## Dataset extract
---+---

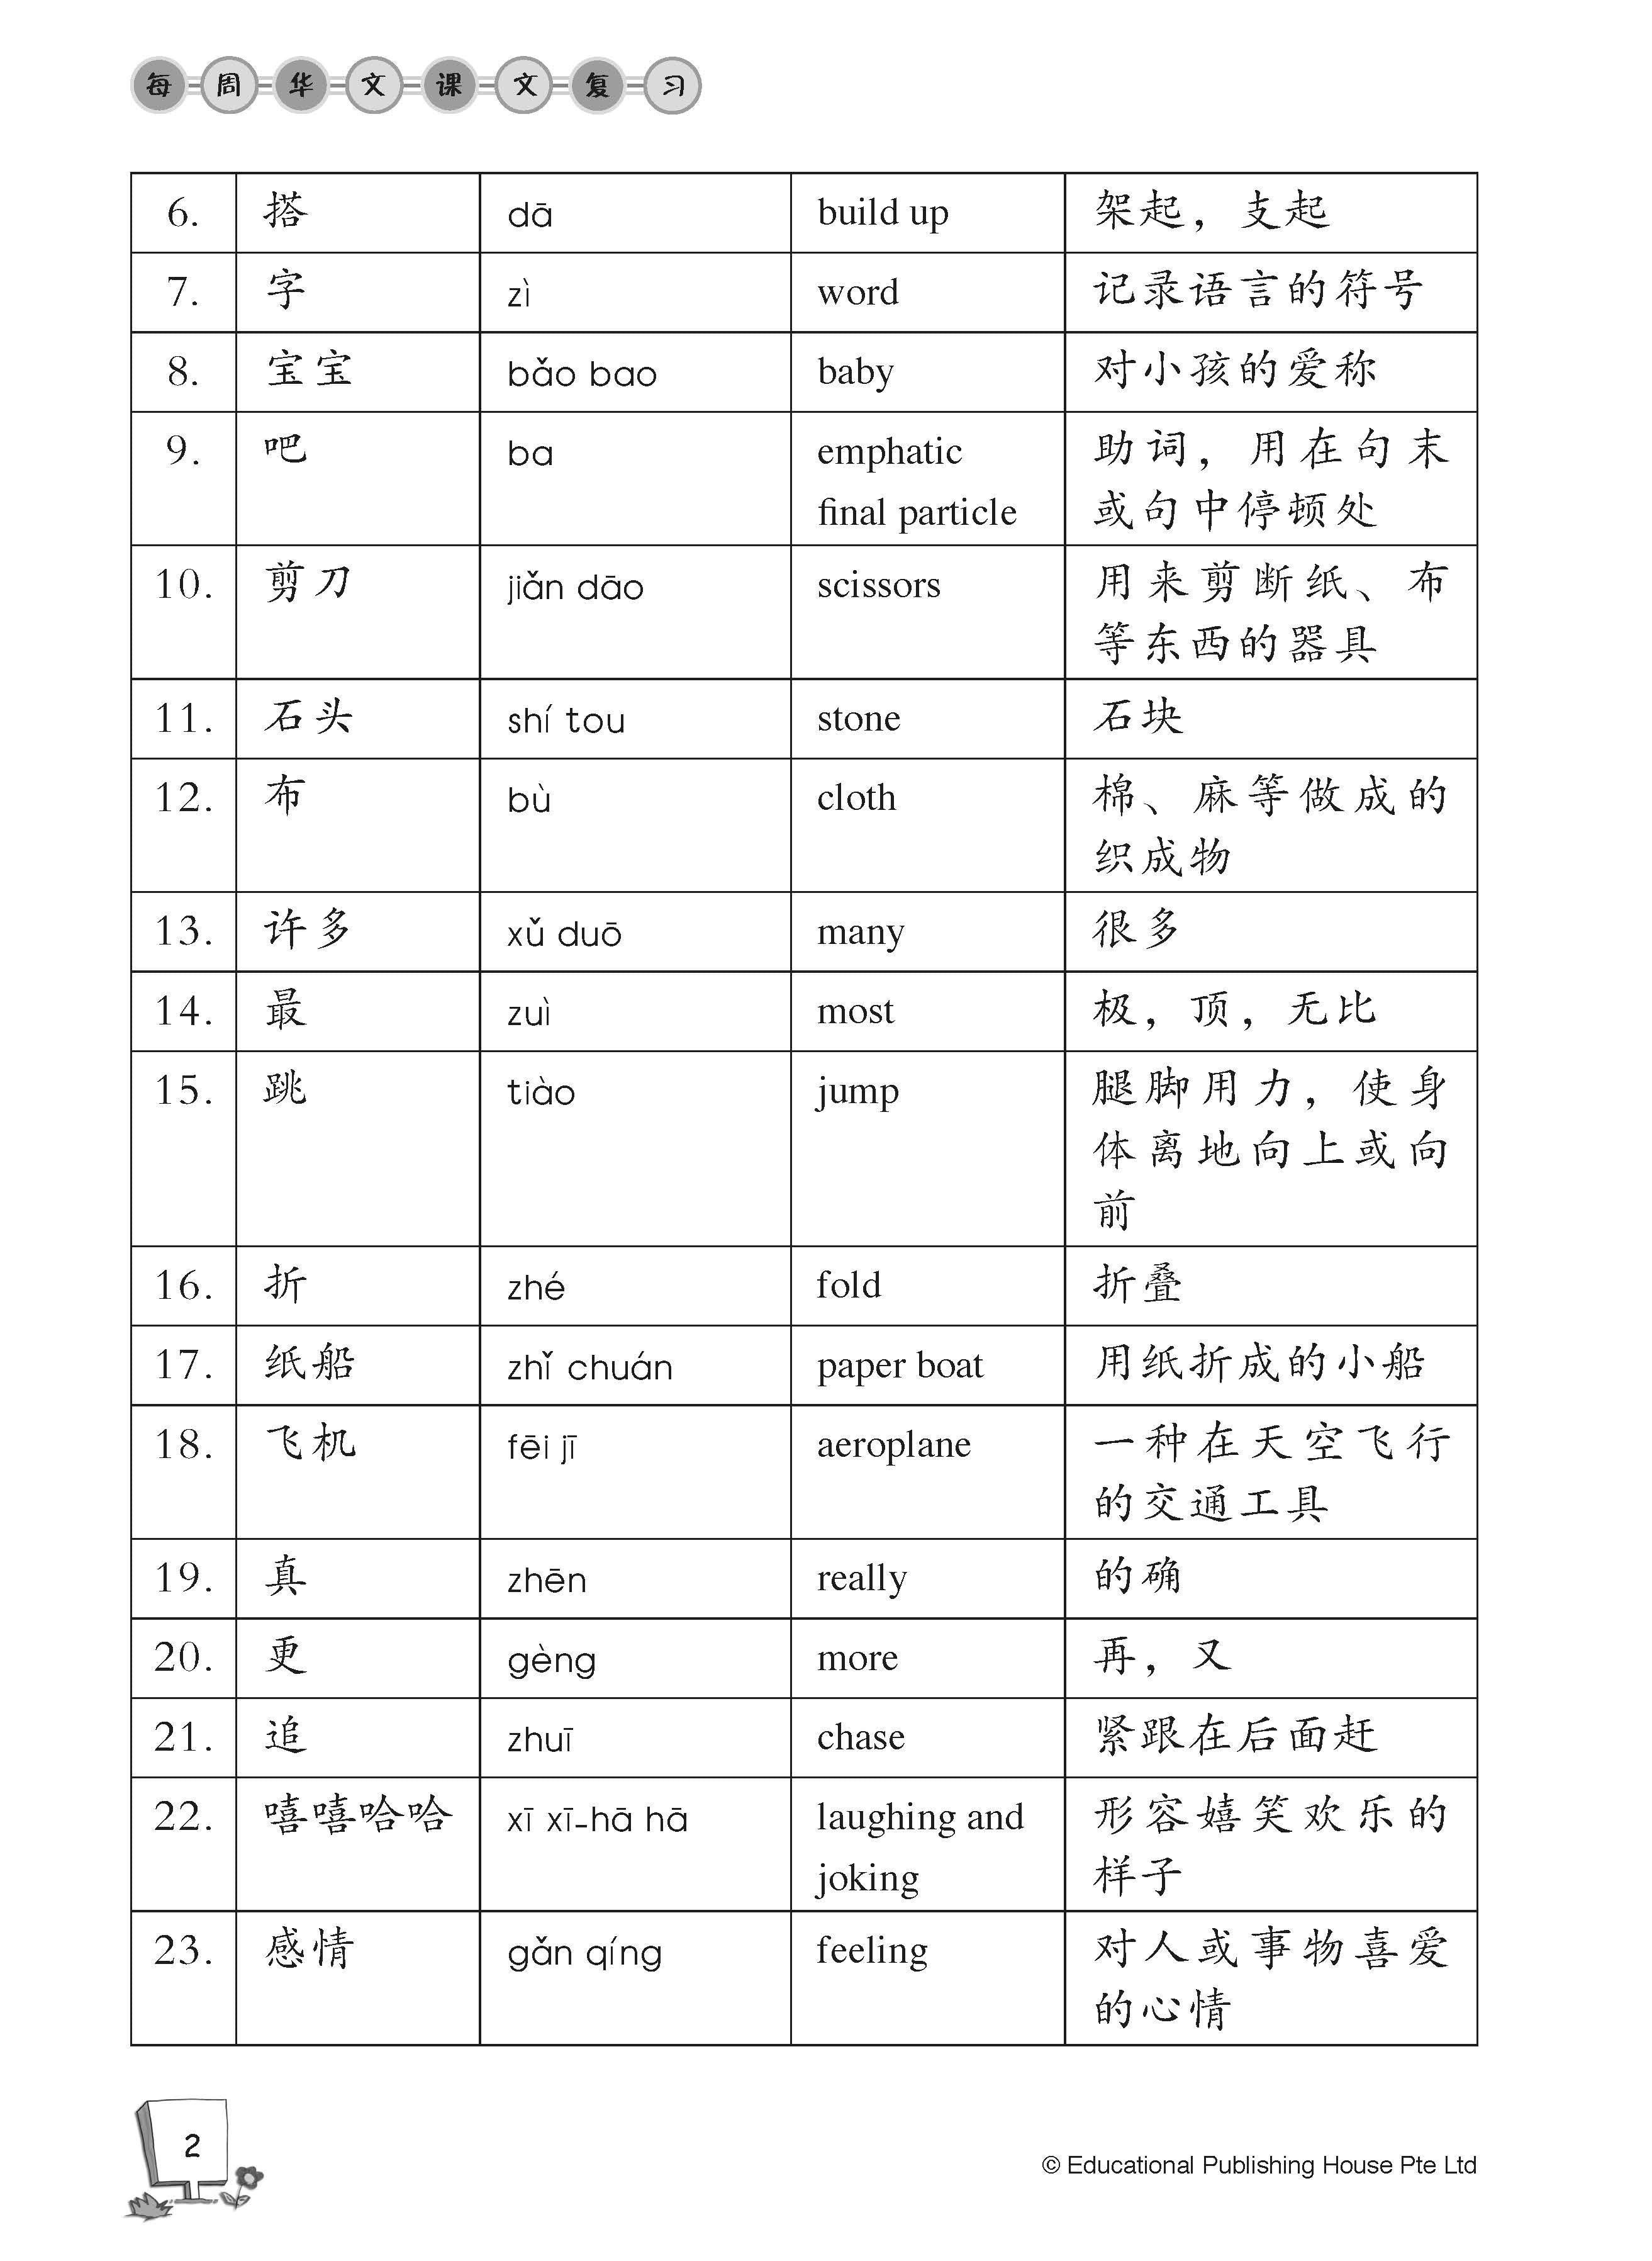 Primary 2B Chinese Weekly Revision 每周华文课文复习
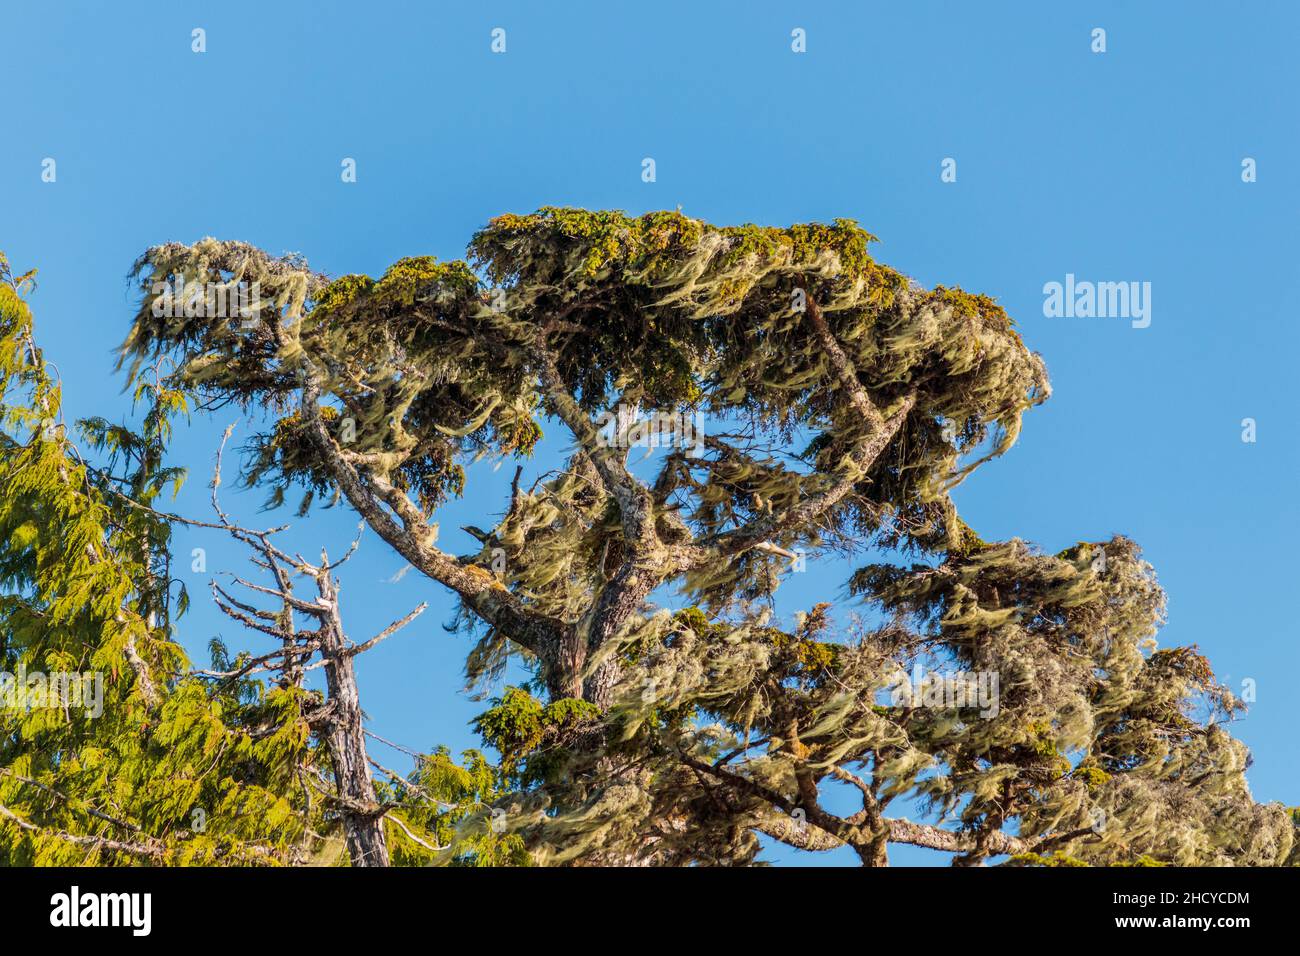 En la costa central expuesta de la Columbia Británica, un árbol se erige sobre un cielo azul brillante, cargado de musgos densos y líquenes largos que cuelgan soplados por el viento. Foto de stock
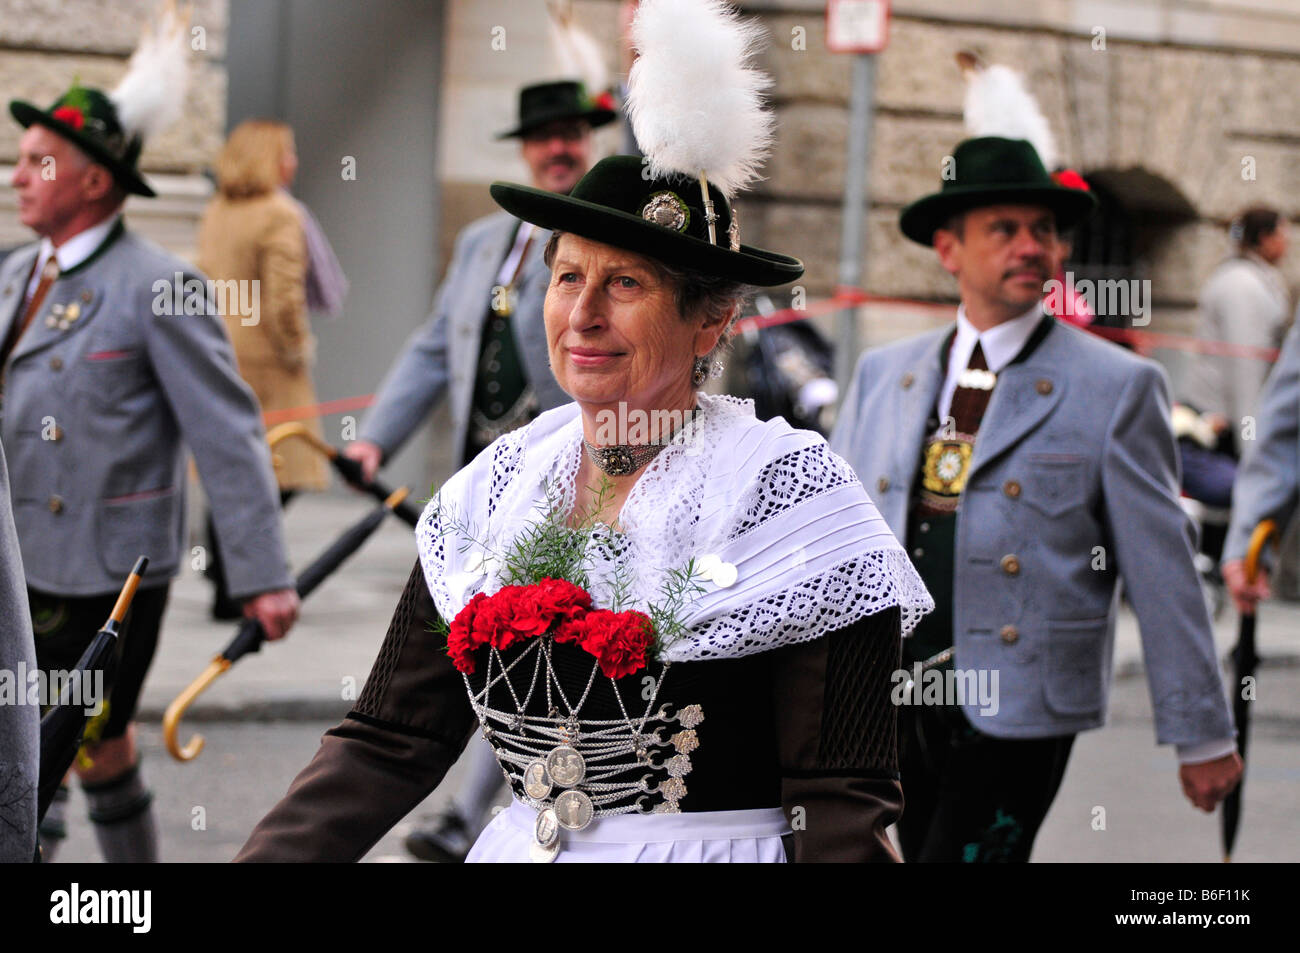 Le port de costumes traditionnels du groupe lors de la traditionnelle parade de costumes à l'Oktoberfest, Munich, Bavaria, Germany, Europe Banque D'Images
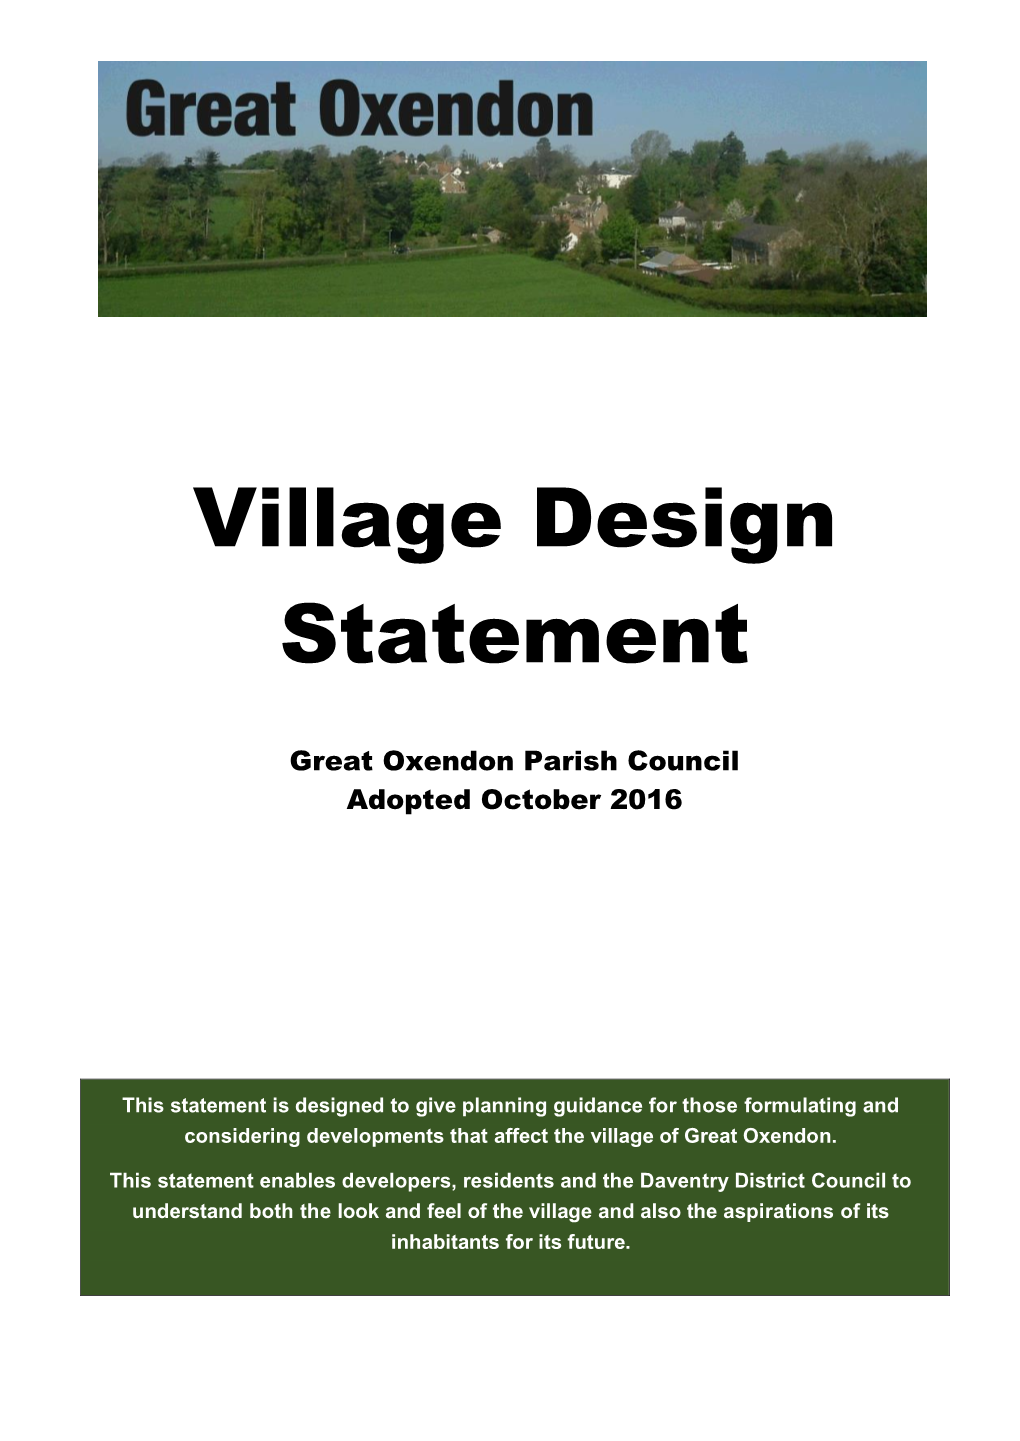 Great Oxendon Village Design Statement

---+---

Copy the listing above exactly, minus the pictures.

 Primary 2B Chinese Weekly Revision 每周华文课文复习
 En la costa central expuesta de la Columbia Británica, un árbol se erige sobre un cielo azul brillante, cargado de musgos densos y líquenes largos que cuelgan soplados por el viento. Foto de stock
 Le port de costumes traditionnels du groupe lors de la traditionnelle parade de costumes à l'Oktoberfest, Munich, Bavaria, Germany, Europe Banque D'Images
 Great Oxendon Village Design Statement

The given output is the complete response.